§ How to complete this task
Return all the lines below exactly as written. Drop every picture.

§ Dataset section
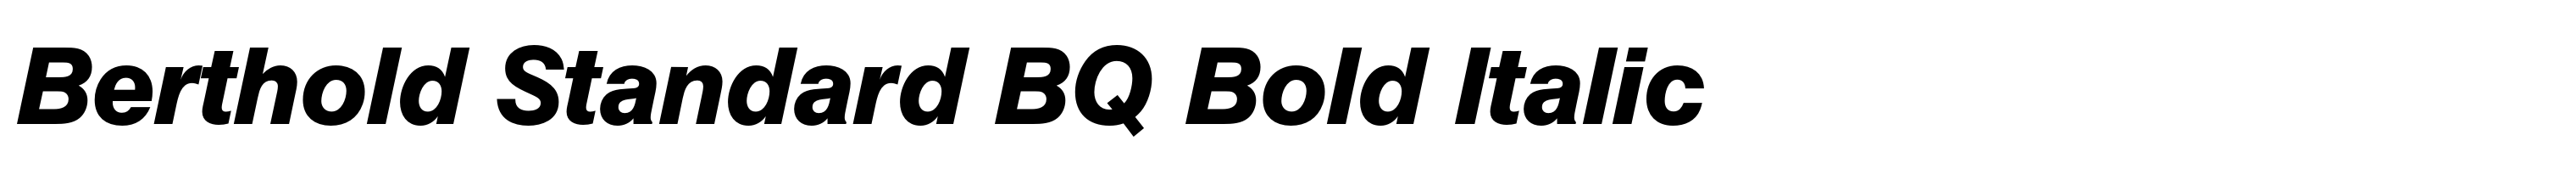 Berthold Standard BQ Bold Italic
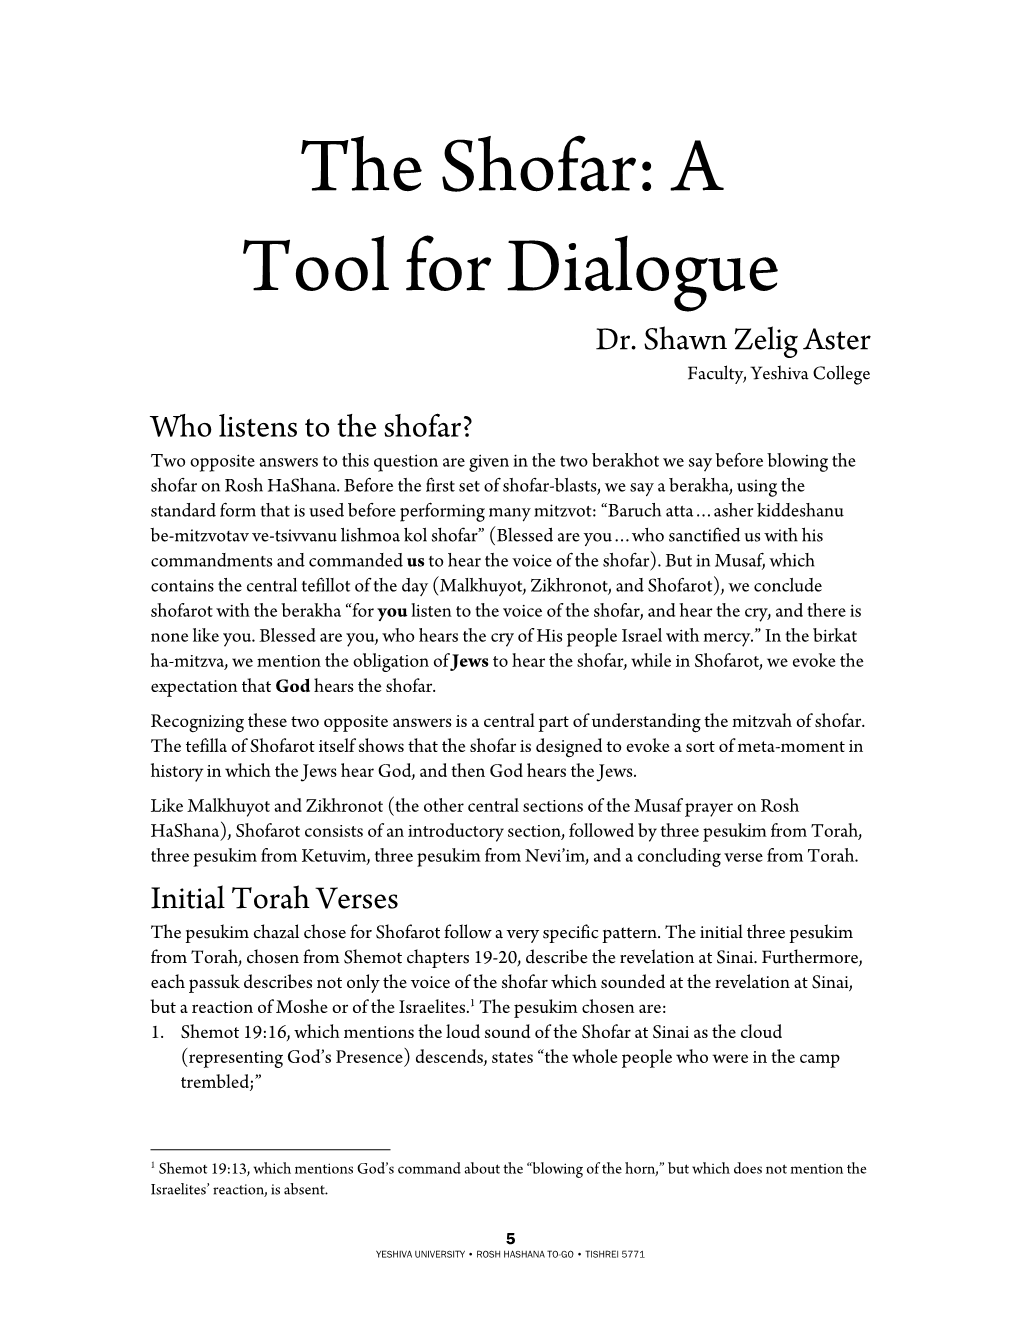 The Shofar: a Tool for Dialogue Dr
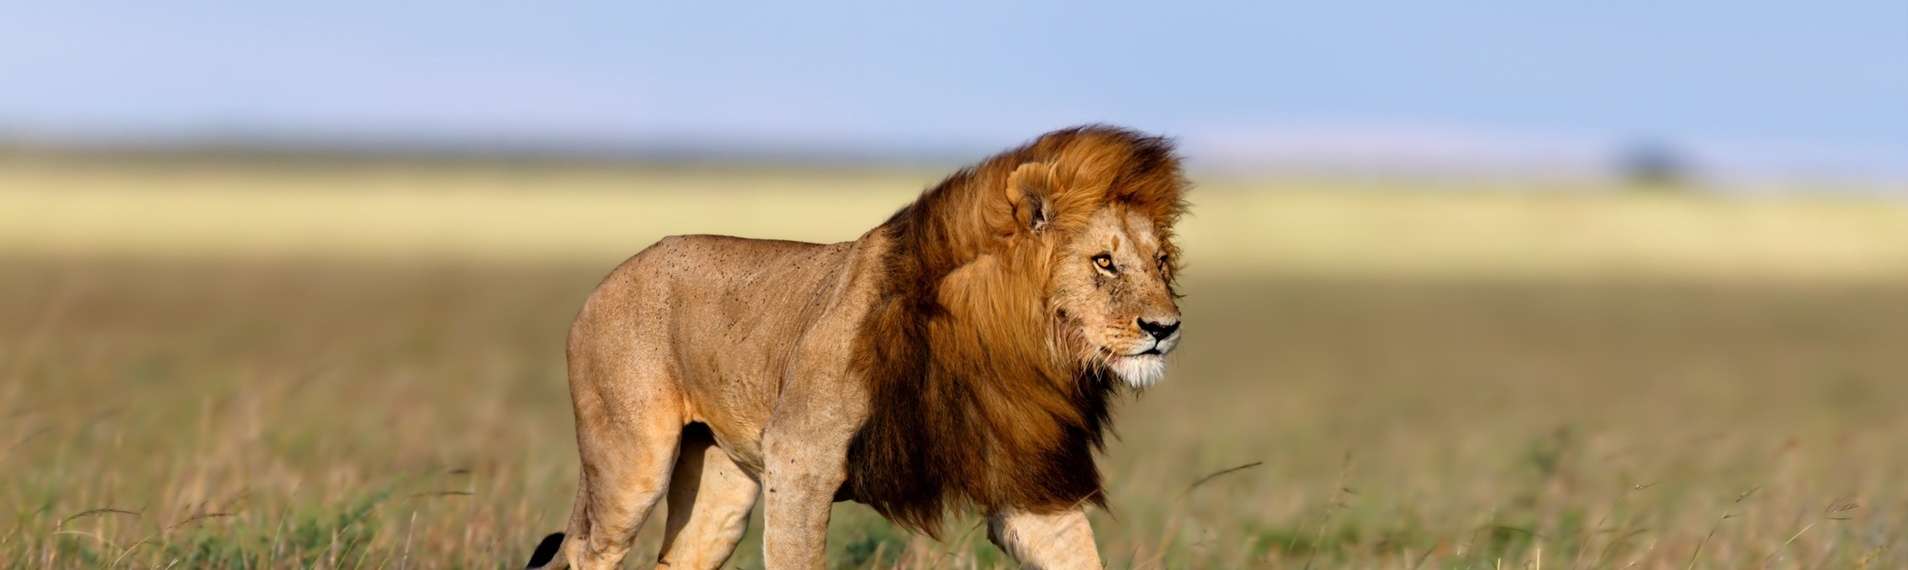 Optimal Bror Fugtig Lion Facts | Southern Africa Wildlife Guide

§ Response below
 Berthold Standard BQ Bold Italic
 The Shofar: a Tool for Dialogue Dr
 Optimal Bror Fugtig Lion Facts | Southern Africa Wildlife Guide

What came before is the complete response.